Any device that can minimize these risk factors is desirable.
The early devices and methods aimed at reducing risk include
devices to identify and monitor RLN integrity.
For example, use of hook-wire electrodes placed endoscopically into
the thyroarytenoid muscles to track ongoing EMG over continuously
updated sampling epochs.
In another example, subdermal electrodes are endoscopically placed
bilaterally into the posterior cricoarytenoid muscles.
However, there are disadvantages of intramuscular EMG electrode
placement such as, such placement is "blind" and subject to
dislodgment.
Surface electrodes have been implemented. An example is an
electrode consisting of paired silver flexograph plates attached to
a polyethylene base, which is curved to conform to the postcricoid
area.
Advances now include the use of an EMG endotracheal tube consisting
of a low-pressure cuffed silicone elastomer tube with integrated
bilateral paired 0.16 inch diameter stainless steel wire electrodes
that run in protective channels along the tube and are exposed for
30 millimeters at the glottis lovel and skewed anterolaterally for
vocal cord contact and provides for continuous tracking of EMG
activity.
Once anesthesia is induced, the endotracheal tube is placed such
that the vocal cord is in true contact with the exposed electrodes.
Baseline stimulation is recorded to insure identification of the
RLN and recognition of an event that causes such stimulation. The
surgery is then conducted. After the surgical specimen is removed,
the RLN is again stimulated to insure post procedure integrity.
If, during the surgery, the surgeon recognizes a stimulus pattern
(such as those indicated in FIGS. 2-4) wave readout from the nerve
integrity monitoring device, he knows that he is stimulating the
RLN and needs to cease doing whatever it is that he was doing at
that moment and re-establish a safe operating pathway.
Other surgical advances include the use of energy based dissection
devices, such as those described above. They provide for near
instantaneous dissection along a surgical path. The danger is that
if that surgical path erroneously is an unsafe operating pathway,
damage can be done to the RLN prior to the ability of the surgeon
to recognize a stimulus pattern (such as those indicated in FIGS.
2-4) that indicates inadvertent stimulus resulting in damage to the
RLN.
The device of the present invention provides a way to eliminate
surgeon reaction time and surgeon error in recognition by providing
a device that receives the wave readout information in real time
and simultaneously interprets such wave readouts and upon
interpreting a readout that indicates any potential damage to the
RLN, cuts power to the energy based dissection device such that
even if the surgeon does not have time to react, the RLN will cease
being stimulated.
This will give time to the surgeon to consider his pathway,
identify potential damage, and restart the procedure prior to any
damage to the RLN occurring.
One of skill in the art will appreciate the type of interpretative
analysis needed in connection with any specific wave readout or
other form of signal generated by nerve integrity monitoring
devices and what immediate response is necessary to protect RLN (or
other nerve, in the case of other types of surgeries to which this
device is applicable) functionality.
One of skill in the art will also appreciate if full shutoff of
energy to the energy based dissection device is required or if
allowable to proceed at reduced on a minimal stimulus reading.
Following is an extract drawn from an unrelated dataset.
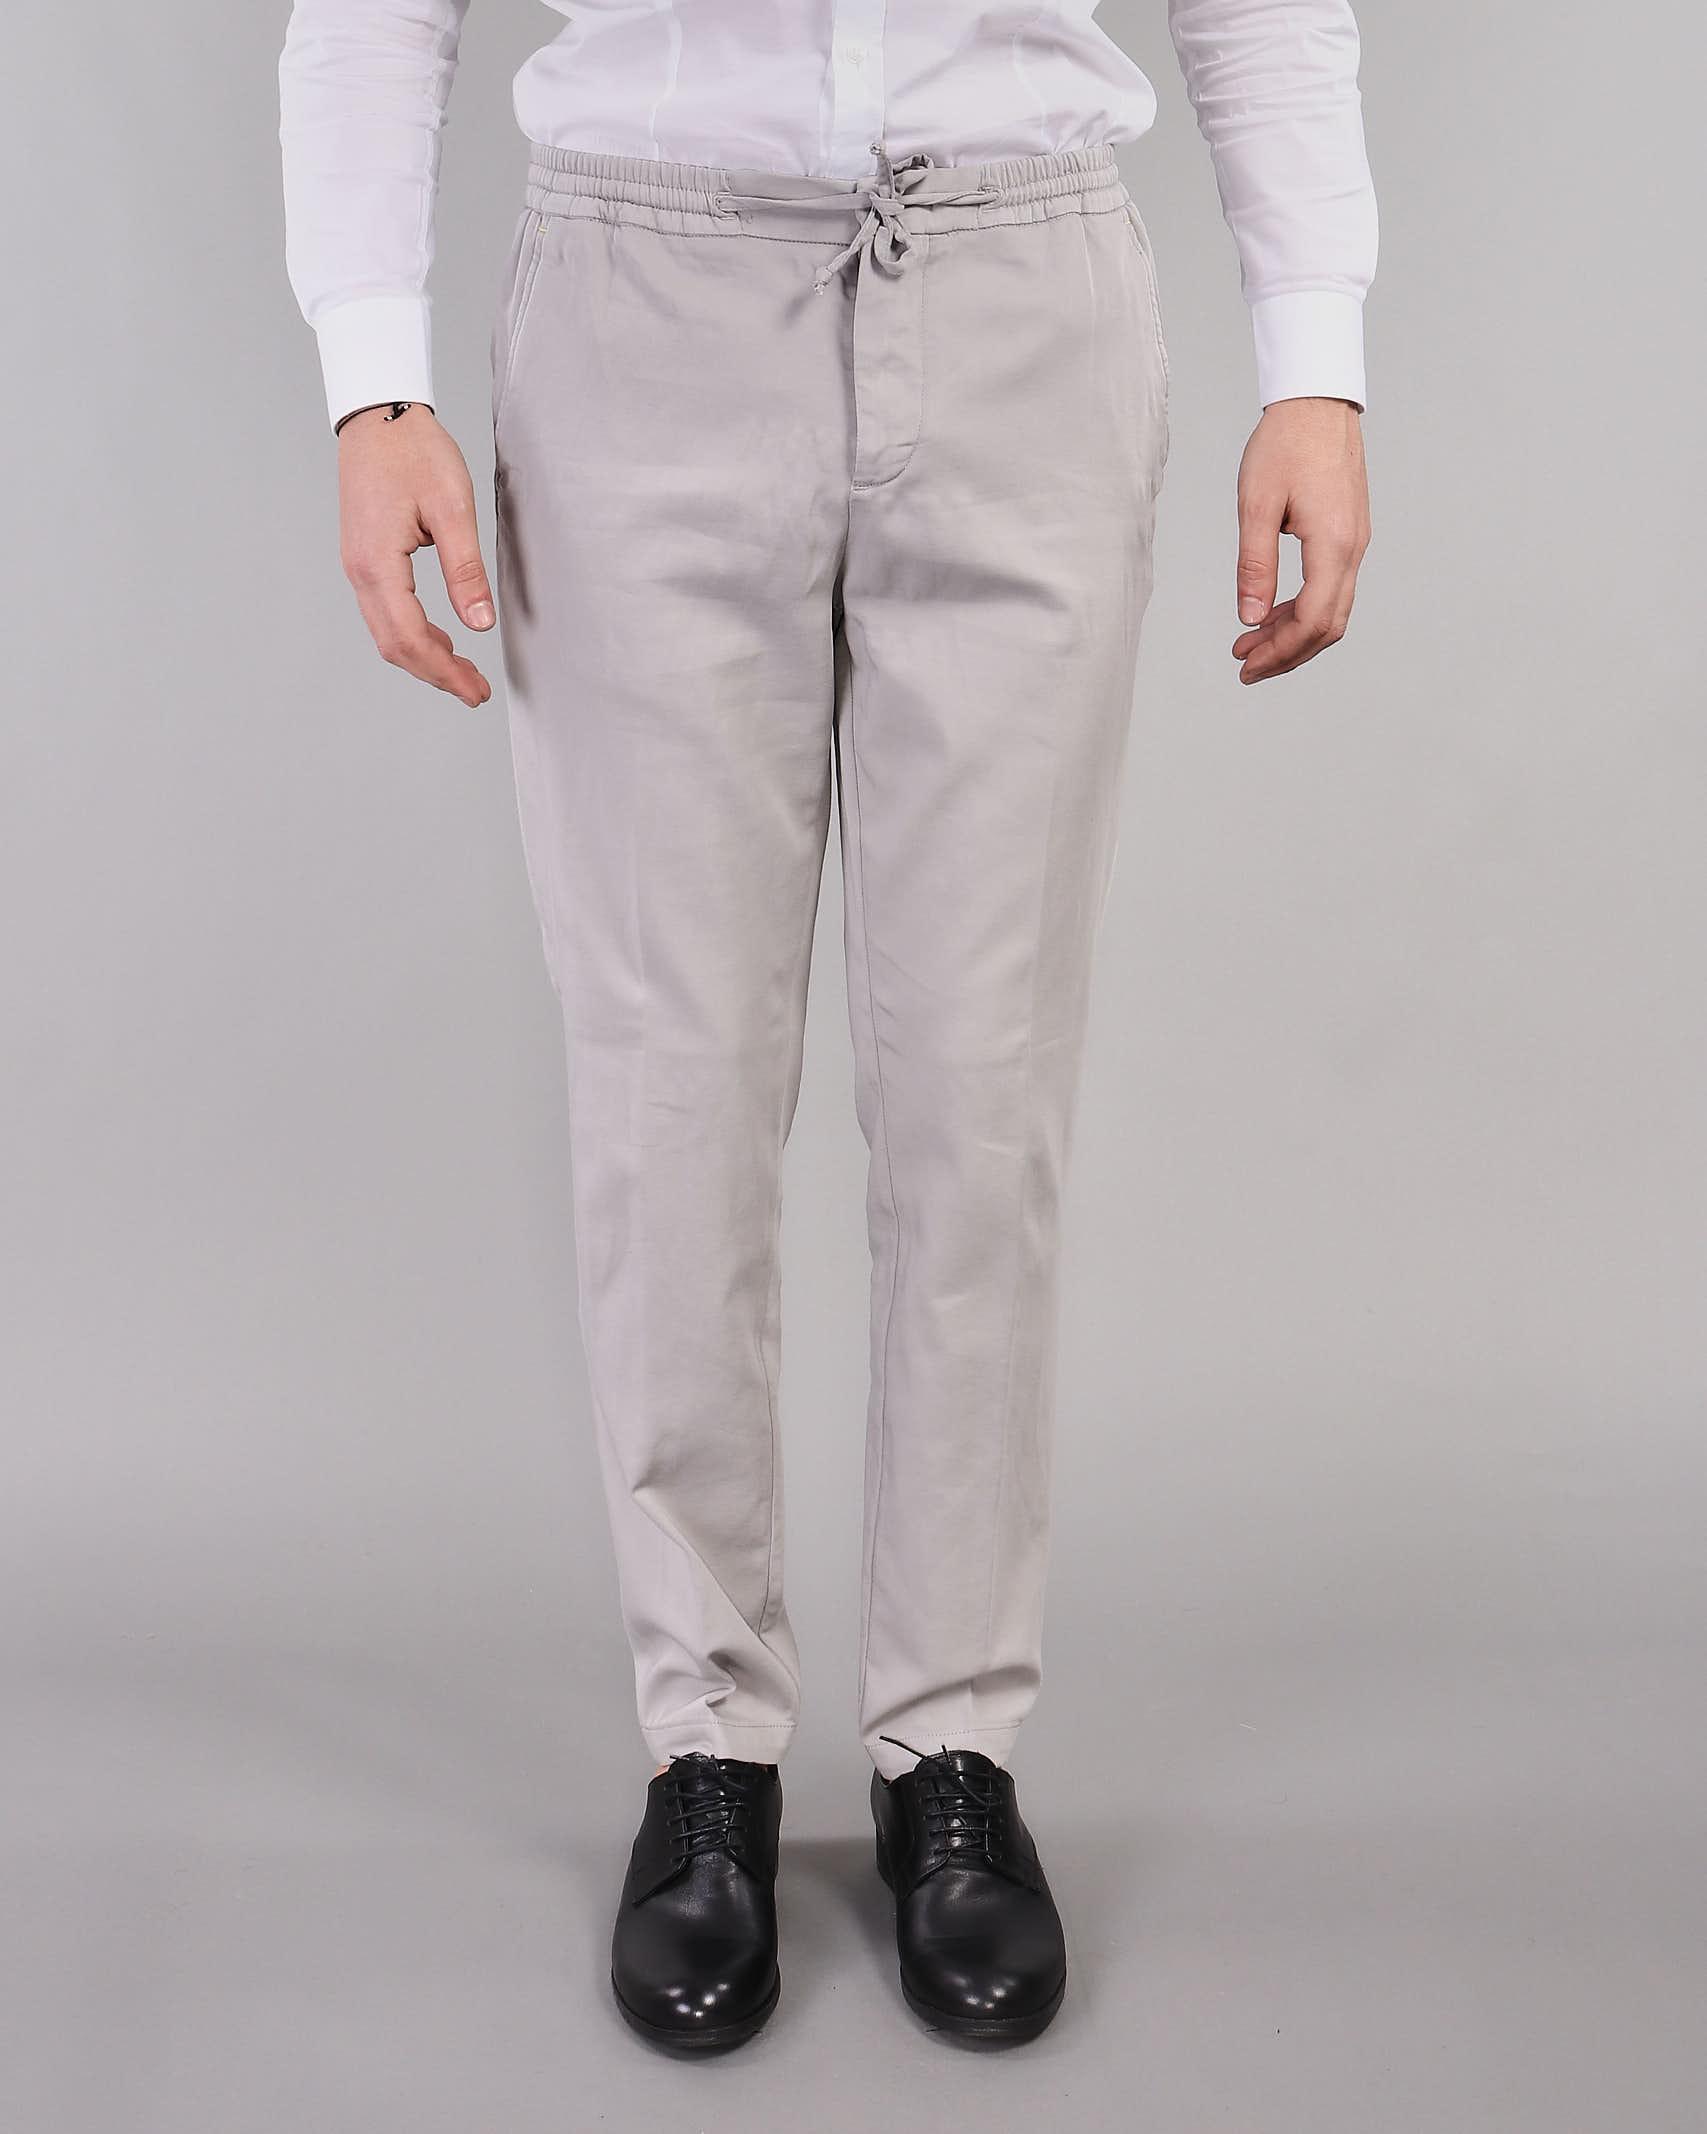 Pantalone con elastico in vita Manuel Ritz MANUEL RITZ   Pantalone   3032P1688T21300693

Similarly, it may be desirable to have a manual override to
continue with a procedure despite the risk disclosed. Surgeon
expertise is not impacted, but rather enhanced by providing
potential error correction and reaction time assistance.
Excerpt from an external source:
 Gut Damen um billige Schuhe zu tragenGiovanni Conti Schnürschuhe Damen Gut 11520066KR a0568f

Publications cited throughout this document are hereby incorporated
by reference in their entirety. Although the various aspects of the
invention have been illustrated above by reference to examples and
preferred embodiments, it will be appreciated that the scope of the
invention is defined not by the foregoing description but by the
following claims properly construed under principles of patent
law.
Each and every feature described herein, and each and every
combination of two or more of such features, is included within the
scope of the present invention provided that the features included
in such a combination are not mutually exclusive.